# New to the forum/Old XD fan & owner...



## badman400 (Jun 12, 2006)

I've been lurking and reading here for a few days. Just wanted to add my .02 about the XD. Ever since I saw the first ad for the XD-45ACP back in late 2005, the one with the 14 rounds in the guy's hand, I knew I had to have one! The looks and the idea of 14 big rounds of 45 was just too much to ignore. It was brutal waiting for it to finally become available in my area. While I waited and yearned, I noticed that my friendly neighborhood gun runner had an XD-40SC in his shop. I couldn't stand the wait for the XD-45 any longer, so I bought the XD-40SC. What a gun! Like a few here have said; recoil is surprisingly light for a 40 cal. Especially for a sub compact, and accuracy is unbelievable! Finally the XD-45ACP started being delivered. I was one of the first in my area to get the 45. As much as I liked the 40, I liked the XD-45 even better.
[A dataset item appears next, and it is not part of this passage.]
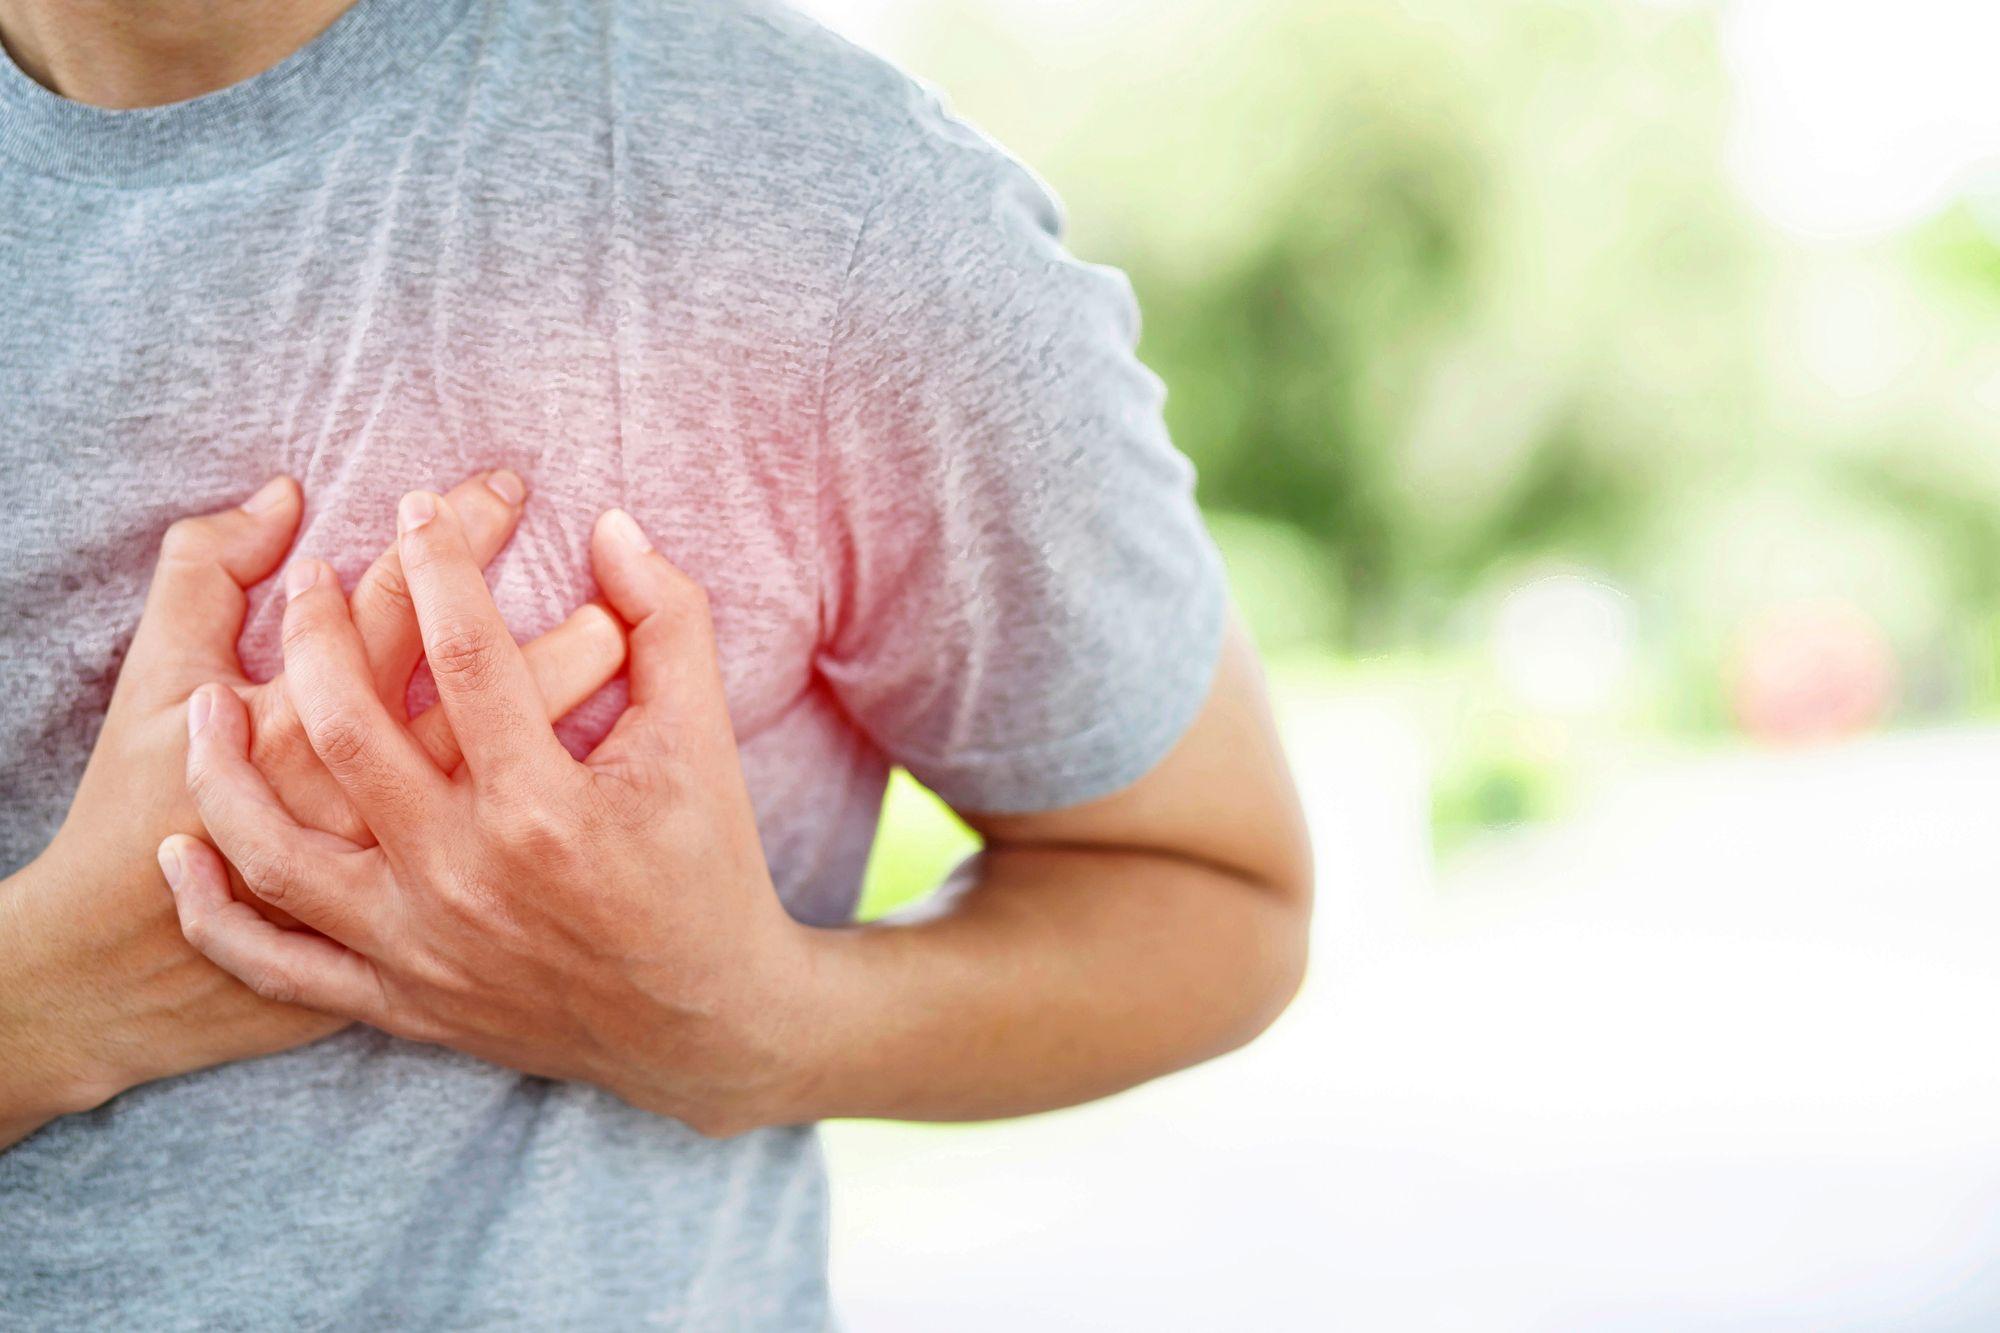 """""""Jos närästysoireilu, rintalastalla tuntuva polttelu, yskiminen tai nielemisvaikeudet jatkuvat, on syytä hakeutua jatkotutkimuksiin."""" © istock"""

I've been a member of the XD forum for quite some time, and just happened to be in the right place at the right time about a month ago, and bought a second XD-45ACP from a college kid who needed the money. He had only taken it to the range once and it is like new. Paid only $375 shipped with an IWB holster and mag holster to boot! So now I am the proud owner of 3 XD's! I have bought 22 weapons within the last 7 months. Among them an HK P2000, an FN 5.7, and other "high end/high priced" weapons. None IMO compare to the all-around comfort, shootability, accuracy, and reliability of the XD line. Some cost more, but the XD's are worth more. I look forward to the time when I can afford to add the XD-9 or maybe the XD-9SC to my collection as well. At present I shoot the XD-45ACP in IDPA. I have shot the XD-40SC in competition as well, but give a slight edge to the XD-45, with it's slightly longer barrel and slightly gentler recoil. If pressed to pick a single favorite out of all my collection, it would have to be the XD-45ACP. The HK P2000 was the only thing close, but the XD beat the HK's trigger and accuracy. If anyone out there is thinking about a new pistol with the best bang for the buck, my advice would be- take the XD plunge! I guess I've become a hopeless XD-a-holic. Does it show? :twisted:


----------



## Shipwreck (Jan 26, 2006)

Glad you like the gun so much - you got a really great deal on it.


----------